Here we examine the RCT power for a two-armed trial with five different populations having baseline 25OHD concentrations of: 15, 35, 50, 60, 75 nmol/L (in this context, this is annual average 25OHD in the population, i.e. the horizontal dashed green line in the top right panel of Fig. 1), and assuming minimum detectable levels of 10 nmol/L. This translates to \(\mu =15, 35, 50, 60, 75\). The researchers aim to enrol a heterogeneous cohort of participants, so a large scatter around the expected maximum and minimum levels would be anticipated and is reflected as \(\mu _A=15\) \(\sigma _H=5\), \(\sigma _A=5\). The primary endpoint is the number of infections contracted over the trial duration.

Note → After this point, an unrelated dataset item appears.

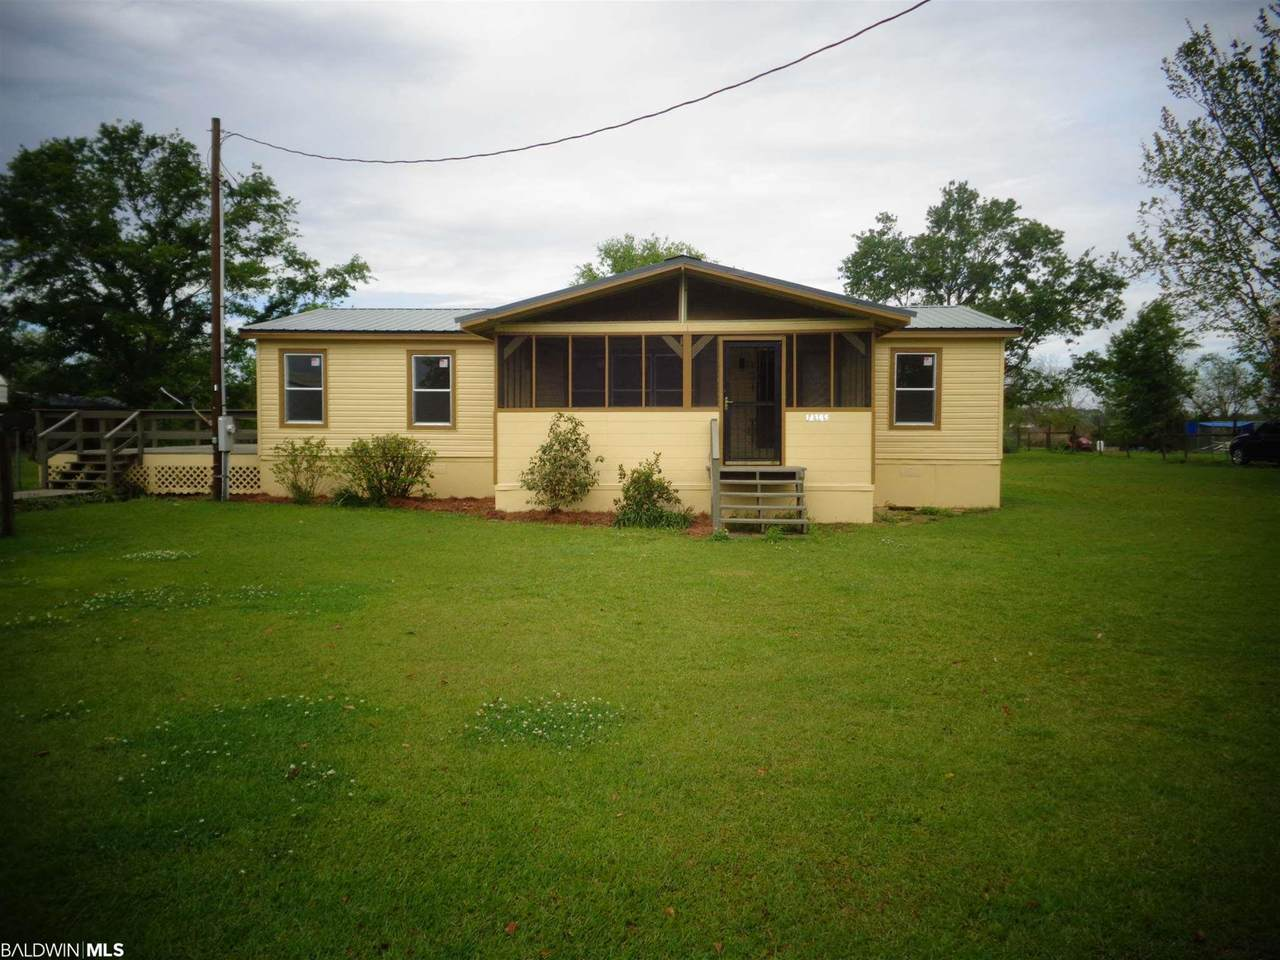 14385 Homestead Ln - Photo 1

Participants receive either a placebo or a fixed-dose vitamin D supplement. For each population we run three trials: those in the intervention arm receive a dose that is equivalent to 10, 20 or 40 nmol/L increase in 25OHD, with little variability in the derived uptake (i.e. a large value of \(\gamma \) is assumed and we take \(\mu _\omega = 0.8, \sigma _\omega =0.1\), see supplementary material S.2.).

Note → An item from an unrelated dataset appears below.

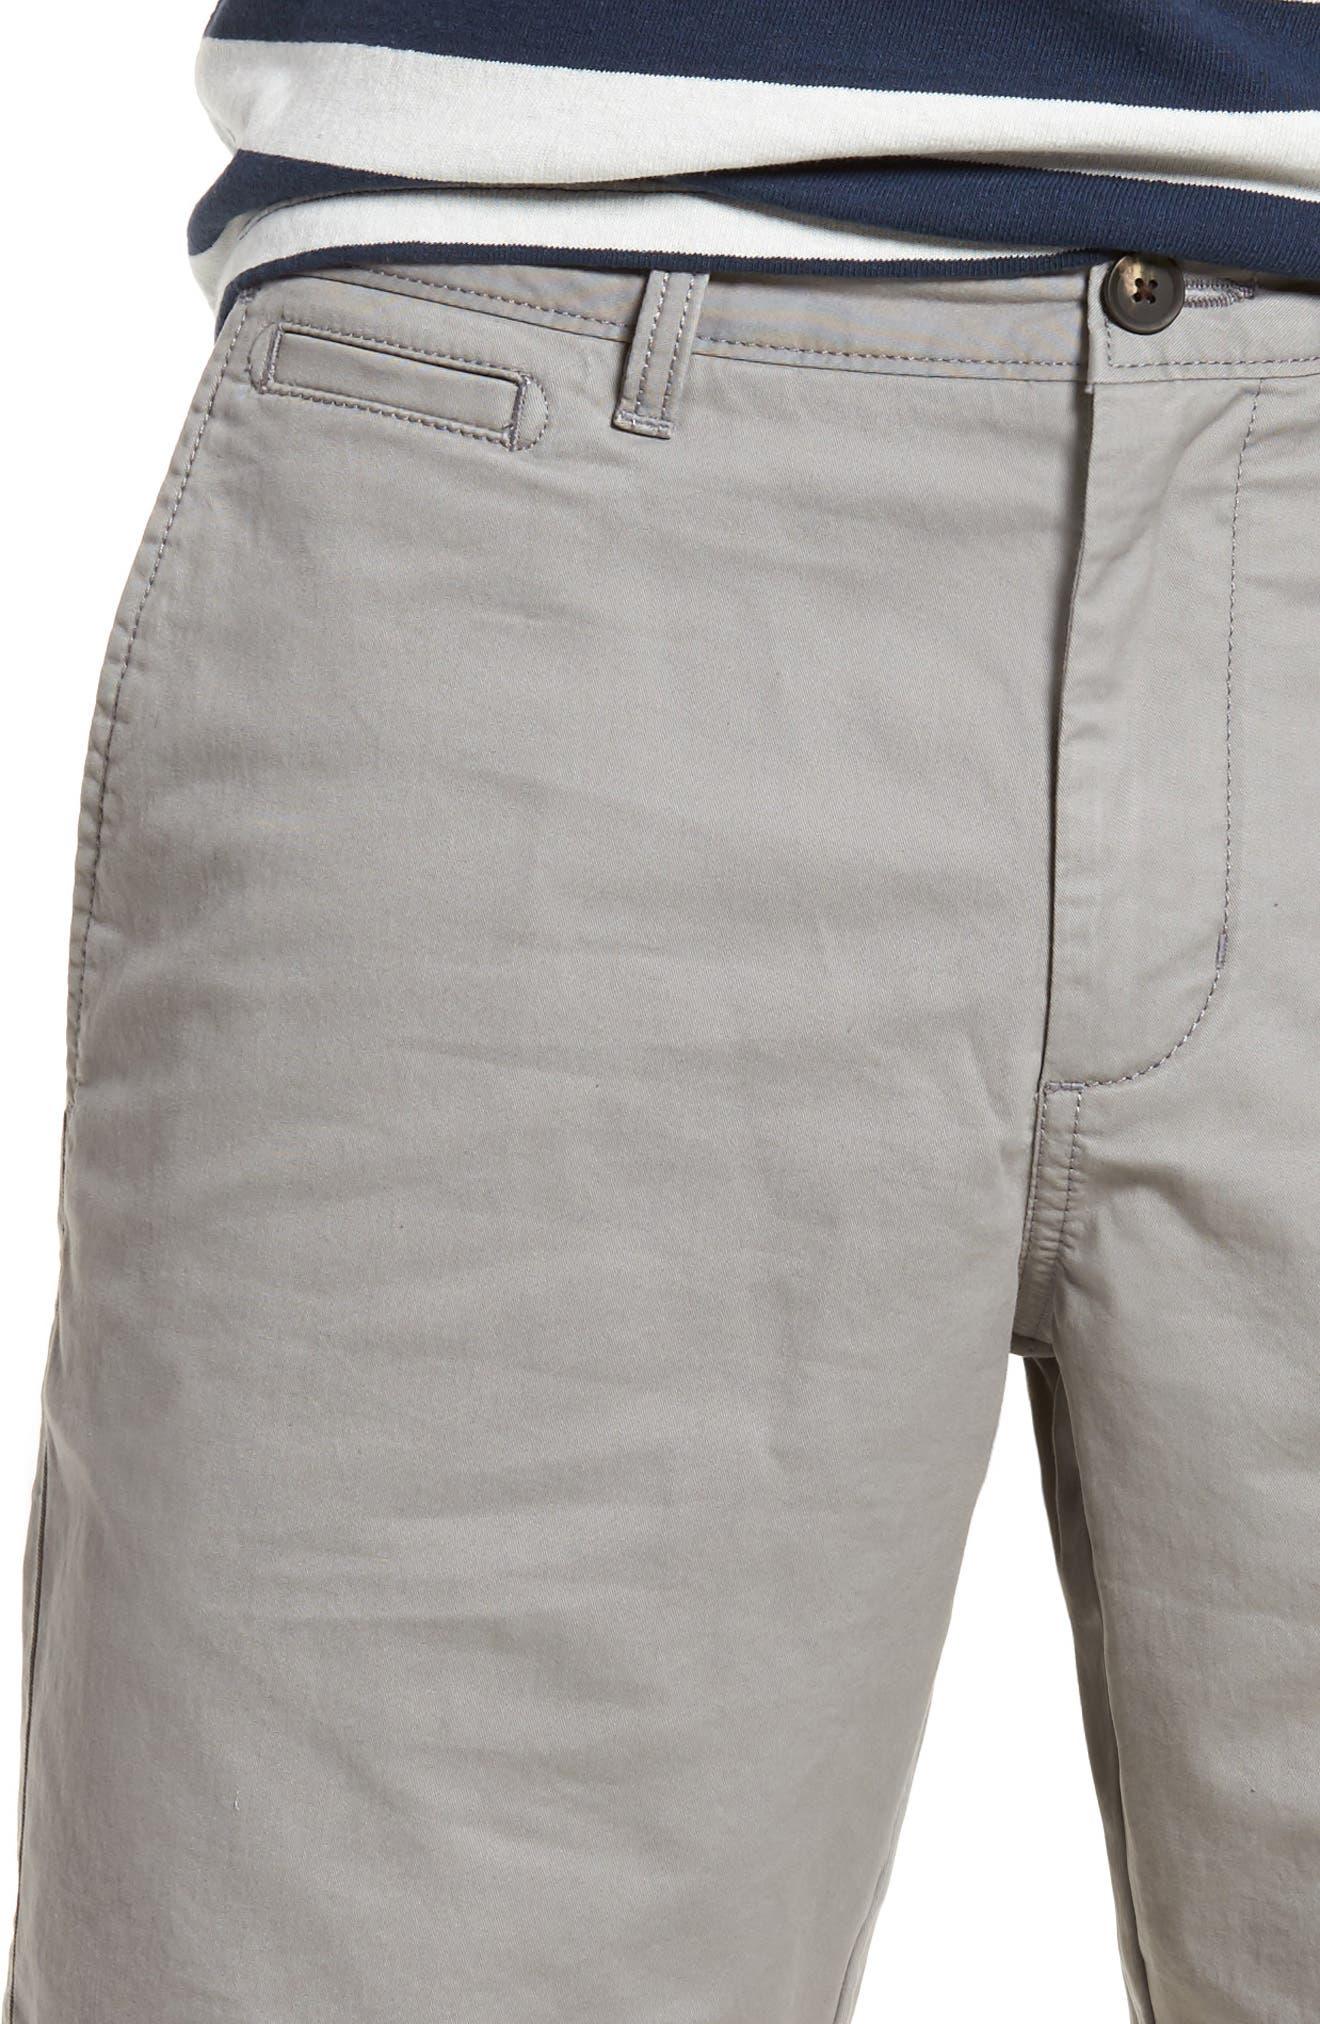 Ballard Slim Fit Stretch Chino 9-Inch Shorts,                             Alternate thumbnail 37, color,

A seasonal infection is considered where the intensity function is expressed through a step function. The intensity is shown in Fig. 2 with its equivalent per week exposure rate during the corresponding period. That is having 1 expected exposure per week from September to April end, and 0.1 per week from May to August end. Two different levels of risk scaling are considered following “Likelihood of infection”. In each case \(l=1\) and then we consider relative risk comparing highly insufficient and fully sufficient of either 2 or 4, i.e. \(u=2,4\) (Fig. 2). The infection probability which gives the probability for a fully 25OHD sufficient individual becoming infected on exposure is taken to be \(p_0=0.03\) in all cases. A non-susceptible period is simulated after each infection. This is exponentially distributed, with an expected duration of two weeks. Here the quantity to compare the two arms is the expected number of infections i.e. test (3) with \(\alpha =0.05\). The power approximation uses \(N=500\) simulations of each trial condition with 500 bootstrap replications for each hypothesis test. Each configuration is run five times independently to explore the Monte Carlo error.

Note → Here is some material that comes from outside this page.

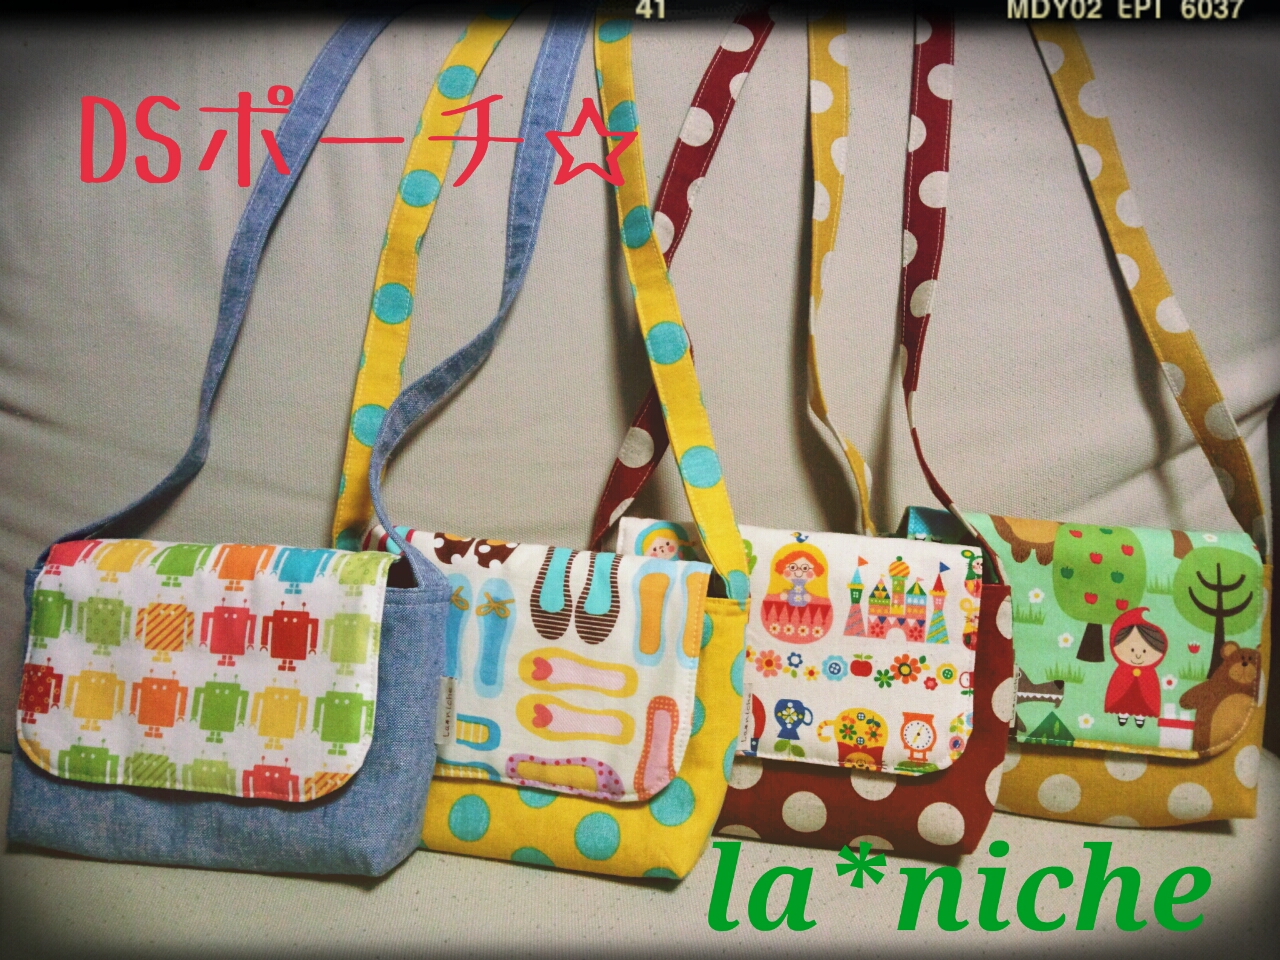 laniche51.jpg

Figure 4 shows power surfaces constructed by taking the Monte Carlo average over the five replications of each trial condition with \(n=100,200,\dots ,1500\) in each trial arm (\(r=1\)).

Figure 4

Power surfaces are shown for intervention that achieves a 25OHD increase of 10 nmol/L (left), 20 nmol/L (centre),and 40 nmol/L (right) versus placebo, against the sample size n and population baseline vitamin D status \(\mu \). The top row shows surfaces when relative risk of 2 is assumed between fully insufficient and fully sufficient i.e. \(u=2\), and the bottom row shows the same for \(u=4\). Here n gives the number of participants in each trial arm.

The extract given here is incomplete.